Tygodnik Podhalański, 12 lutego 2009

 

Tutaj skan artykułu

Inne komentarze w Tygodniku Podhalańskim (2009)

Maciej Pinkwart

Robotnik

 

Poprzedni Burmistrz (dla skrótu będziemy używać akronimu PB), zarzuca swojemu następcy, że ten niewiele zrobił dla miasta i jego mieszkańców. Zgadzam się całkowicie z przesympatycznym byłym burmistrzem. Niewiele.

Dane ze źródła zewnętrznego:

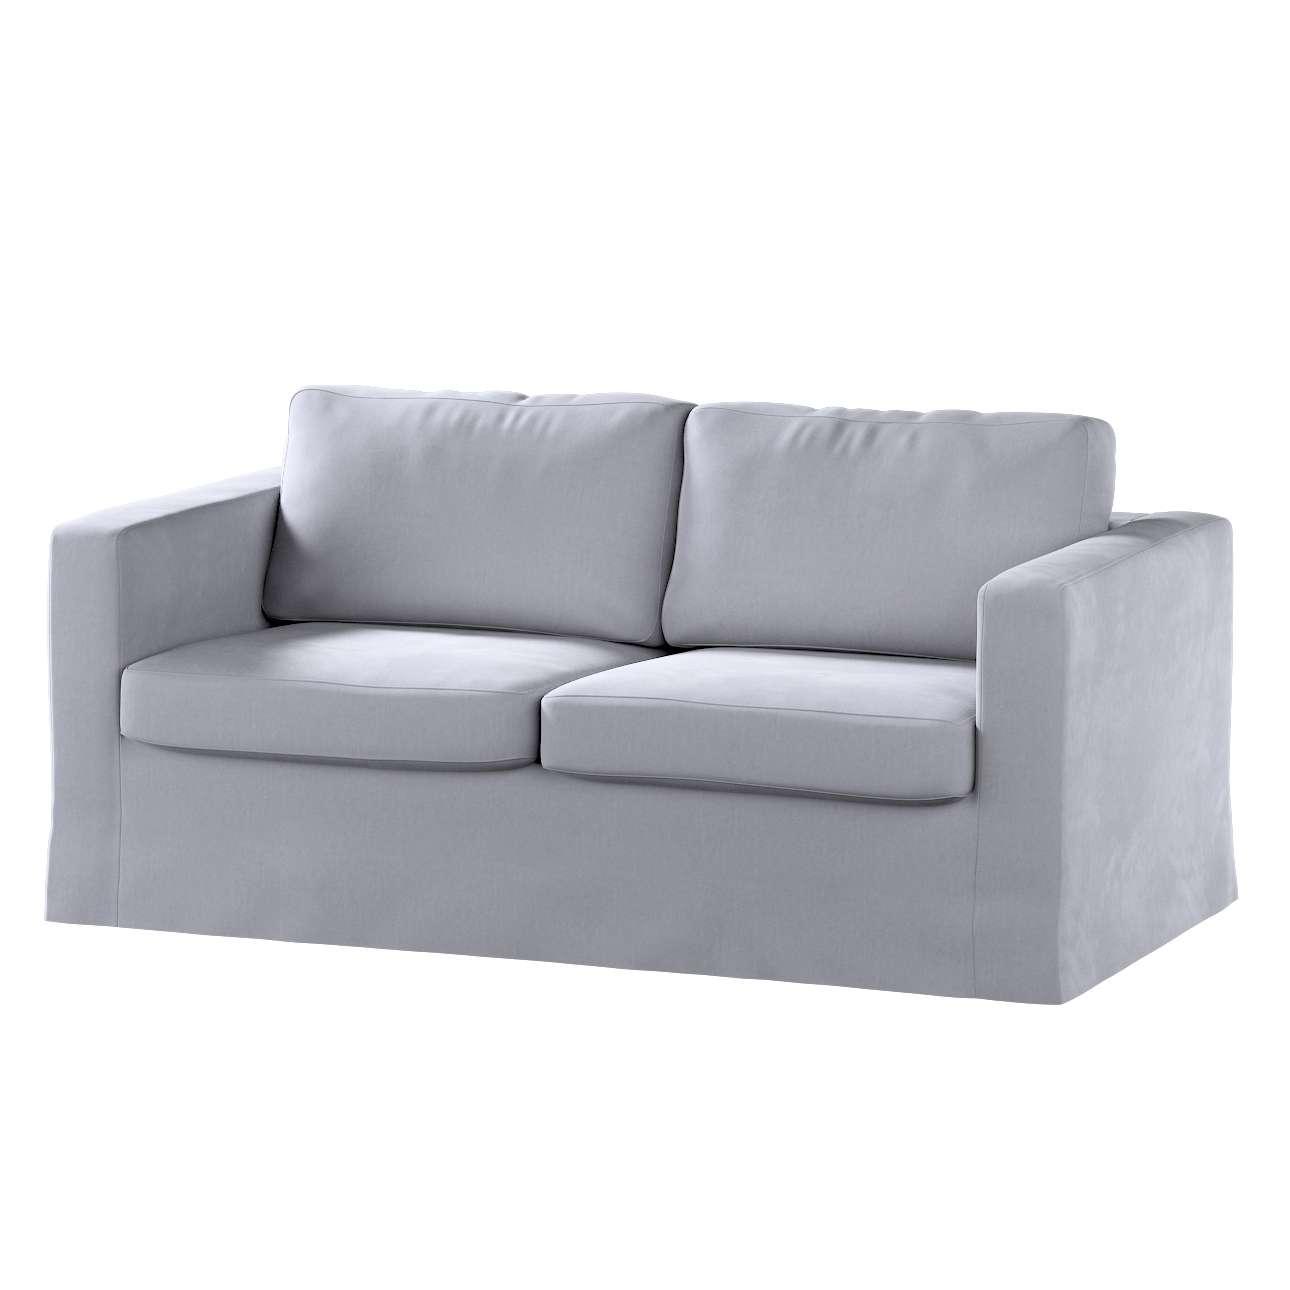 Hoes (lang) voor IKEA-Karlstad 2-zitsbank van de collectie Velvet, Stof: 704-24

Jak dotąd, Janusz Majcher nie postawił w Zakopanem żadnego pomnika, i w tej dziedzinie jego poprzednik bije go na głowę. Pomnik Andrzeja Chramca, stojący tyłem do urzędu, w którym ordynował PB, dowodnie świadczy o tym, że władza powinna stawiać pomniki władzy, w nadziei, że ta tradycja będzie kontynuowana przez następców. Chramiec przed Urzędem Miejskim trzyma wypchaną teczkę i mocno siedzi na stołku, czego jego późny następca niestety nie potrafił. Chudziutki pomnik Władysława Zamoyskiego przy Krupówkach, postawiony dla uczczenia dobroczyńcy Zakopanego i największego właściciela ziemskiego w okolicy, hrabiego, co dla nas dziś takie istotne, i patrona partii politycznej, której działaczem był PB, jest także dowodem dbałości o sprawy miasta i jego mieszkańców. Kolejny pomnik, który dał Zakopanem PB - monument „Ognia”, którego wcześniej nie udało się postawić w żadnym innym miejscu - świadczy przed całym światem jak bardzo tolerancyjnym miejscem jest Zakopane i takie świadectwo jest dla nas nieocenioną promocją. Niewiele miast chwali się takimi bohaterami i takimi przyczynami stawiania pomników. Dowodem tolerancji PB jest także i to, że pomnik „Ognia” stanął obok Ronda Armii Krajowej. Łączenie ognia z wodą, można powiedzieć… Podobnie jak nadanie imienia Romana Dmowskiego jednemu z rond zakopiańskich, przy równoczesnym propagowaniu kultu Józefa Piłsudskiego. O miłości, jaką zaskarbiły sobie u kierowców poprzednie władze Zakopanego po wybudowaniu rond „kompaktowych” i innych rozwiązań drogowych już nie warto wspominać. Tolerancja dla legalnie działającej w Zakopanem formacji ONR i brak tolerancji dla legalnie działających w Zakopanem dziennikarzy, którzy według poprzedniej władzy stanowili największe zagrożenie dla Zakopanego to kolejne zasługi PB dla promocji Zakopanego – bo o żadnym innym mieście tyle wówczas nie pisano.

Ma więc rację Poprzedni Burmistrz, że jego następca mniej zrobił niż on. I tak trzymać.